Funniest comedy that had a terrible trailer: Bad Teacher.
Funniest comedy most likely to please your AP English teacher: Woody Allen’s Midnight in Paris.
Least funny comedy that had a promising trailer: Horrible Bosses.
Worst comedy: Jack and Jill.
Best comic-book movie: X-Men: First Class.
Worst comic-book movie: Green Lantern.
Squarest comic-book movie: Captain America: The First Avenger.
Most surprisingly entertaining yet still ridiculous comic-book movie: Thor.
Best sequel: A Very Harold & Kumar 3D Christmas.
Worst sequel: Cars 2. No, The Hangover Part II. No, Pirates of the Caribbean: On Stranger Tides. No, wait, Alvin and the Chipmunks: Chipwrecked.
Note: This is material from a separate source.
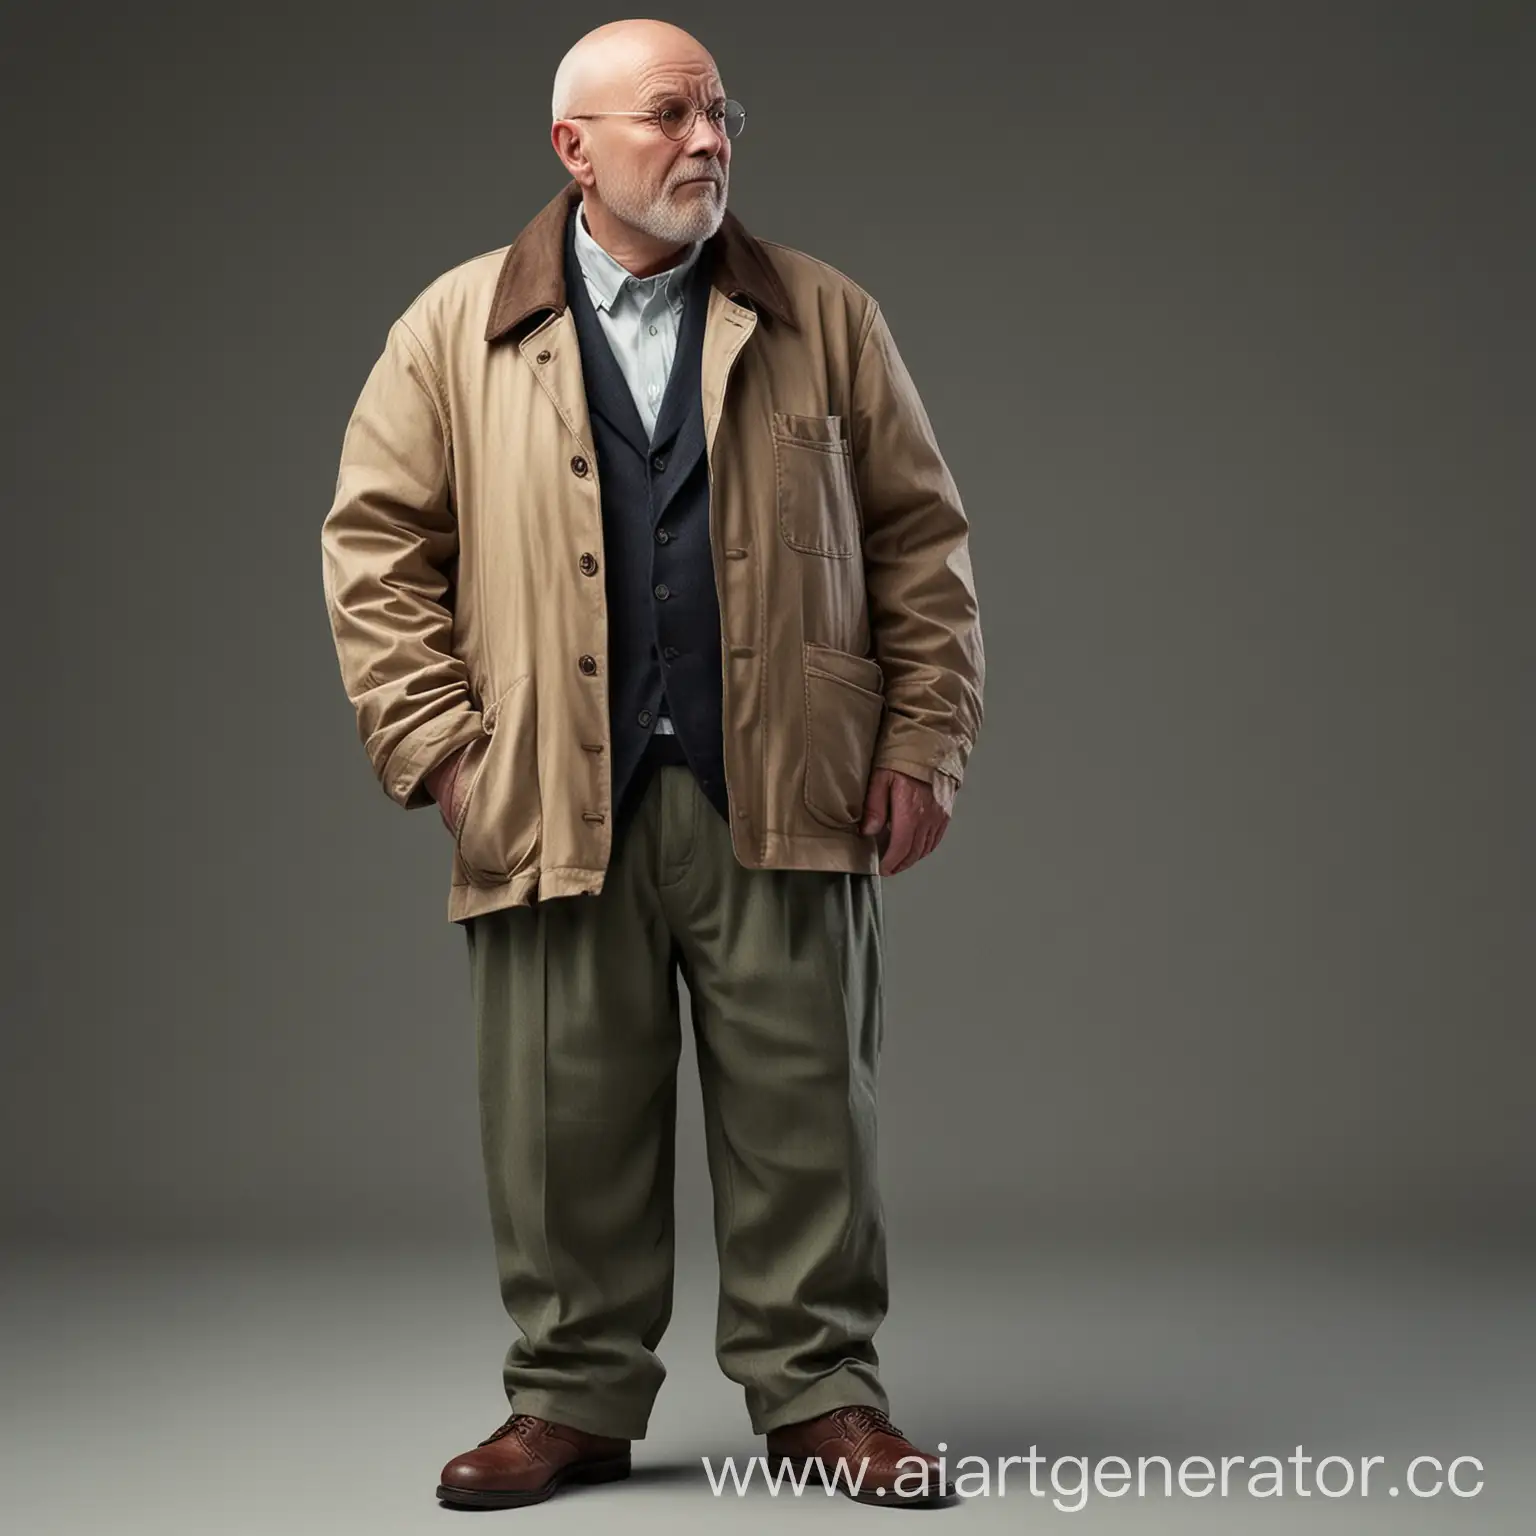 в пиджаке и брюках, толстый, лысый и старый мужчина в стиле 50-х годов 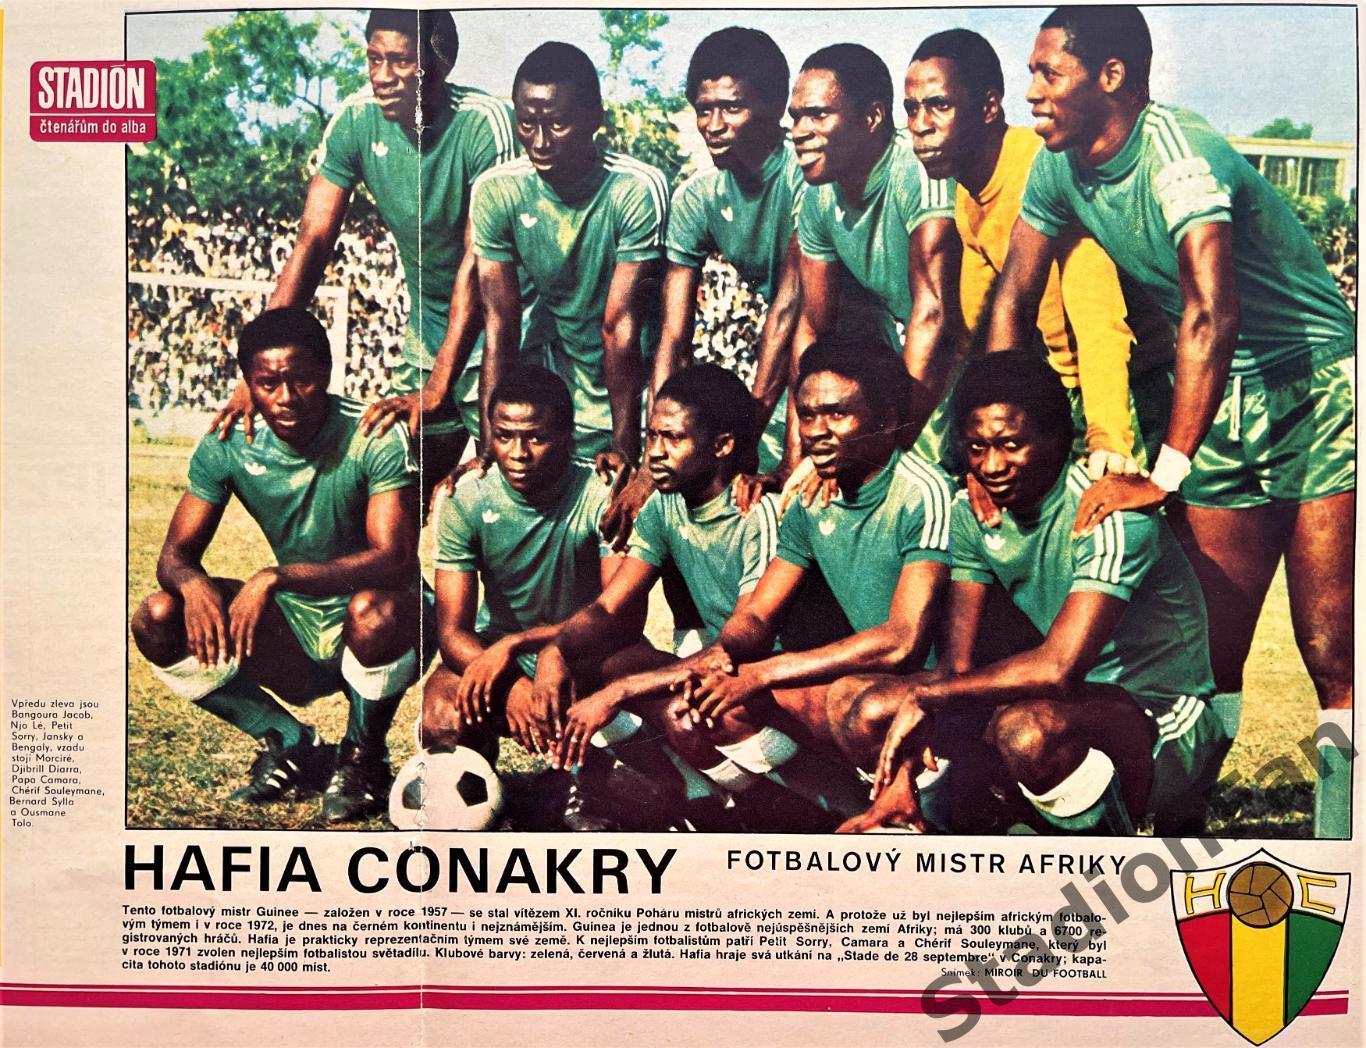 Постер из журнала Стадион (Stadion) - Hafia Conakry, 1976.

No, wait …
Most superfluous sequel: Scream 4. If you’re not going to kill off any of the returning major characters, then why bother?
Best comeback: The Muppets.
Worst comeback: The Smurfs.
Best remake: Straw Dogs.
Most tolerable remake: Footloose.
Most passable remake that sounded like a decent idea but turned out to be pointless: Fright Night.
Worst remake: Arthur.
Worst remake disguised as a prequel: The Thing.
Most disappointing execution of an intriguing premise: Mel Gibson as a man who speaks only through a hand puppet in The Beaver.
Most convincing argument never to shake other people’s hands again, ever: Steven Soderbergh’s Contagion.
Best sports movie: Moneyball.
Best sports movie for people who couldn’t care less about sports: Moneyball.
Best shameless Rocky rip-off: Warrior.
Best entrance: In Margin Call, the CEO (Jeremy Irons) of an investment firm on the brink of disaster arrives via helicopter in the middle of the night — a vampire who feeds by chewing the scenery.
Best performance by an animal (tie): Uggie from The Artist and Cosmo from Beginners, both proving Jack Russells may be the smartest dogs of all.
Most wildly overlong scene we’re really glad they didn’t trim down: The airplane ride in Bridesmaids.
Best plot twist conveyed by a single word of dialogue: The Skin I Live In. Wait, he said WHAT?
Best birth scene: The baby arrives in The Twilight Saga: Breaking Dawn - Part I. Vampire fangs come in pretty handy when you can’t find any surgical scissors.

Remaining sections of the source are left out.